LEDAS
- Type: Private
- Industry: Software development
- Founded: 1999; 27 years ago
- Key people: Alexey Ershov (CEO) David Levin (co-founder)
- Products: Geometric solvers, geometry comparison technology, cloud platforms, CAD plugins
- Website: ledas.com

= LEDAS =

LEDAS is an independent software development company with offices in four countries and more than 120 developers.

It specializes in custom CAD, CAM, BIM, digital healthcare, and 3D modeling software. Founded in 1999, the company is best known for its 12-year partnership with Dassault Systèmes, during which it contributed to the development of key components of the CATIA CAD system, and for creating the LGS 2D/3D geometric constraint solvers, whose intellectual property was acquired by Bricsys NV in 2011.

== History ==

=== Founding and Dassault Systèmes partnership ===
LEDAS was founded in 1999 a group of academics with backgrounds in artificial intelligence (AI) and mathematics. The first CEO was David Levin, PhD in computer science and mathematics

In the same year, LEDAS signed a long-term contract with the French company Dassault Systèmes, a global leader in the PLM/CAD market. Over the course of this 12-year partnership, the LEDAS team contributed to the development of key components of the CATIA V5 and V6 systems, including the CGM geometric modeling kernel and the Constraint Design Solver (CDS). The team also worked on the end-user modules CATIA Product Engineering Optimizer and CATIA Knowledge Advisor. The total volume of work under these contracts exceeded 100 person-years.

=== LGS geometric solvers and the Bricsys acquisition ===
Starting in 2001, LEDAS developed its own product — the LEDAS Geometric Solver (LGS), initially in a 2D version, with a 3D version released in 2005. The solver was considered the second most widely used geometric constraint solver in the industry, after Siemens PLM Software's D-Cubed. LGS was licensed to more than ten engineering software vendors worldwide, including Cimatron (later part of 3D Systems) and CD-adapco (later part of Siemens PLM Software).
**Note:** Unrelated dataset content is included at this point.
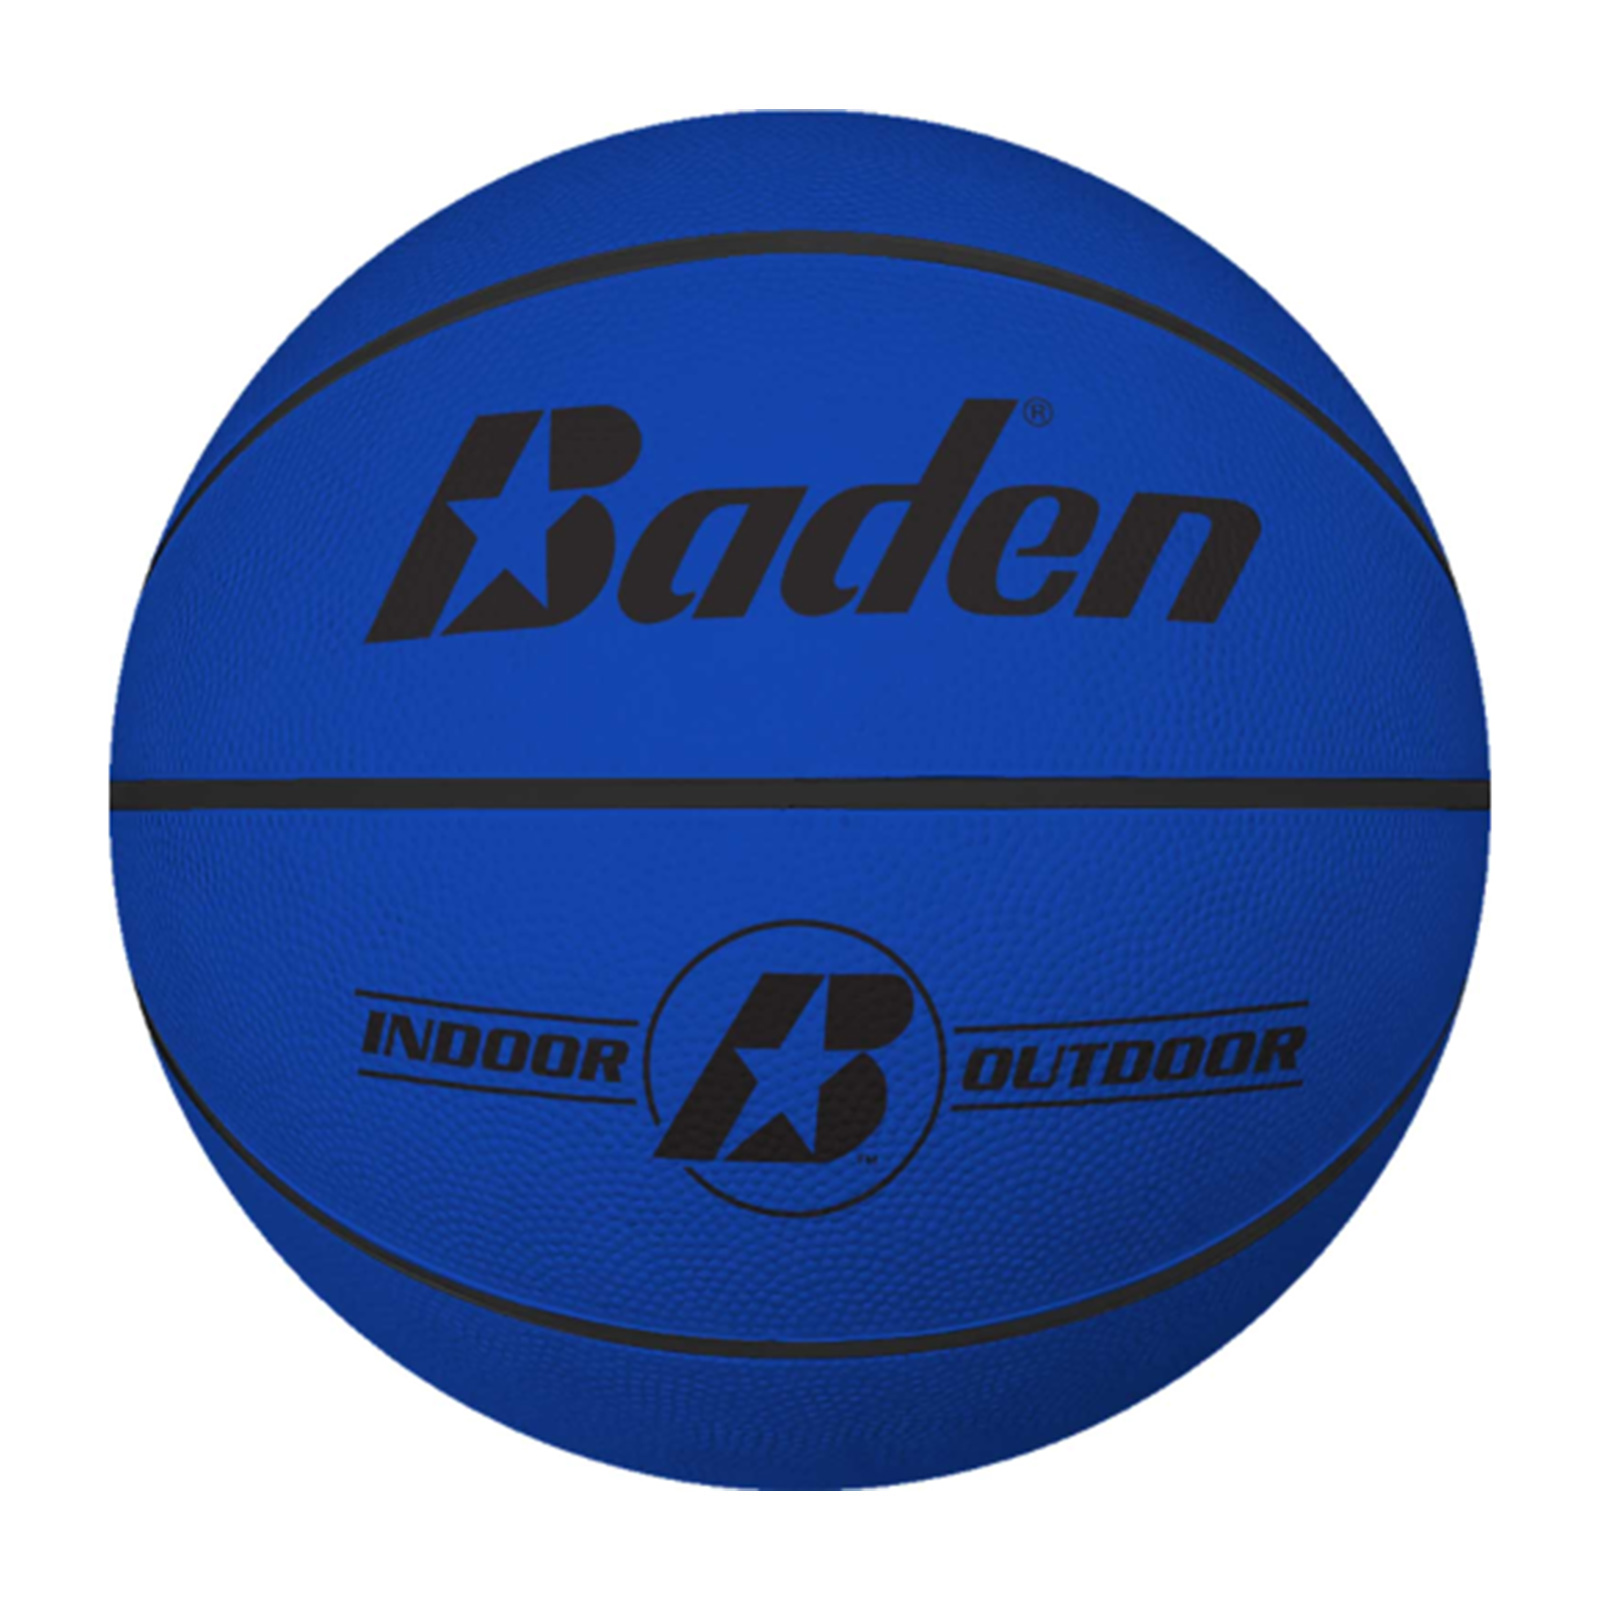 Basketball SG Rubber Coloured Size 3 Blue
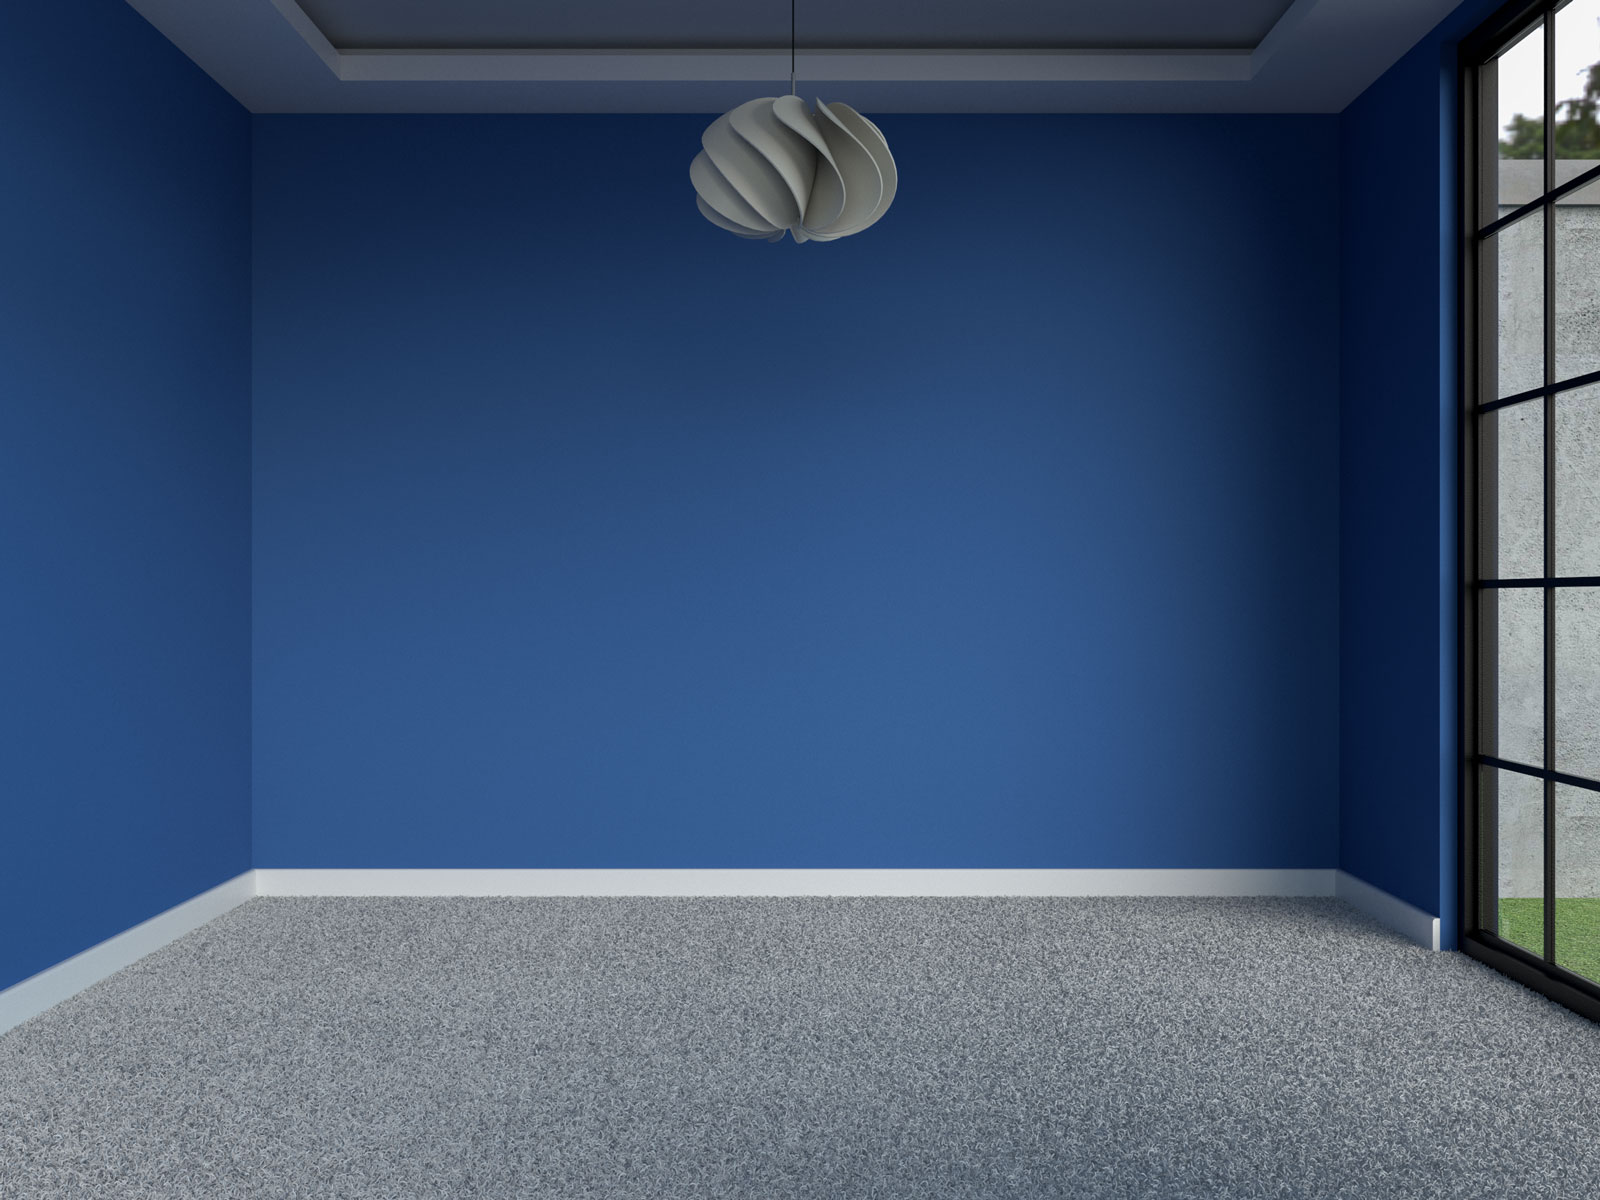 Cobalt blue walls with gray floors

In October 2011, Menhirs NV, the parent company of Bricsys NV, acquired the intellectual property rights to LGS 2D, LGS 3D, and several other LEDAS products, including Driving Dimensions and RhinoWorks. The acquisition enabled Bricsys to add parametric and direct modeling capabilities to BricsCAD.

In 2011–2012, LEDAS transformed its business mainly into custom software development which appeared to be demanded worldwide. In parallel with service providing, until today, LEDAS develops and distributes its original products LEDAS Cloud Platform, LEDAS Geometry Comparison, and other.

In recent years, the company has once again transformed its business. Now it is supported by a number of independent entities in Israel, Cyprus, Armenia, Serbia, and other countries.

=== LEDAS Cloud Platform ===
In 2017, LEDAS released the LEDAS Cloud Platform (LCP), a client–server platform for developing web-based 3D modeling applications. LCP supports real-time collaborative editing of 3D models in a browser environment, with support for STEP (MCAD), IFC (BIM), STL (3D printing and polygonal meshes), and XYZ (point cloud) formats.

== Products and technologies ==
- LEDAS Geometric Solver (LGS 2D/3D) — geometric constraint solver for parametric sketching and 3D modeling, developed from 2001 to 2011. After the IP acquisition by Bricsys, the solvers continued to be used in BricsCAD.

- LEDAS Geometry Comparison (LGC) — technology for comparing 3D models and identifying differences between model versions.

- LEDAS Cloud Platform (LCP) — cloud platform for building web-based 3D modeling applications with real-time collaboration support.

- CAD plugins and components — development of modules for SolidWorks, AutoCAD, BricsCAD, CATIA, Rhinoceros 3D, Inventor, Creo, and NX.

== Leadership ==
The current CEO is Alexey Ershov, who has been with the company since its founding in 1999 and has served as CEO since 2011.

Co-founder and chairman of the board of directors is David Levin, who stepped down as CEO in 2011.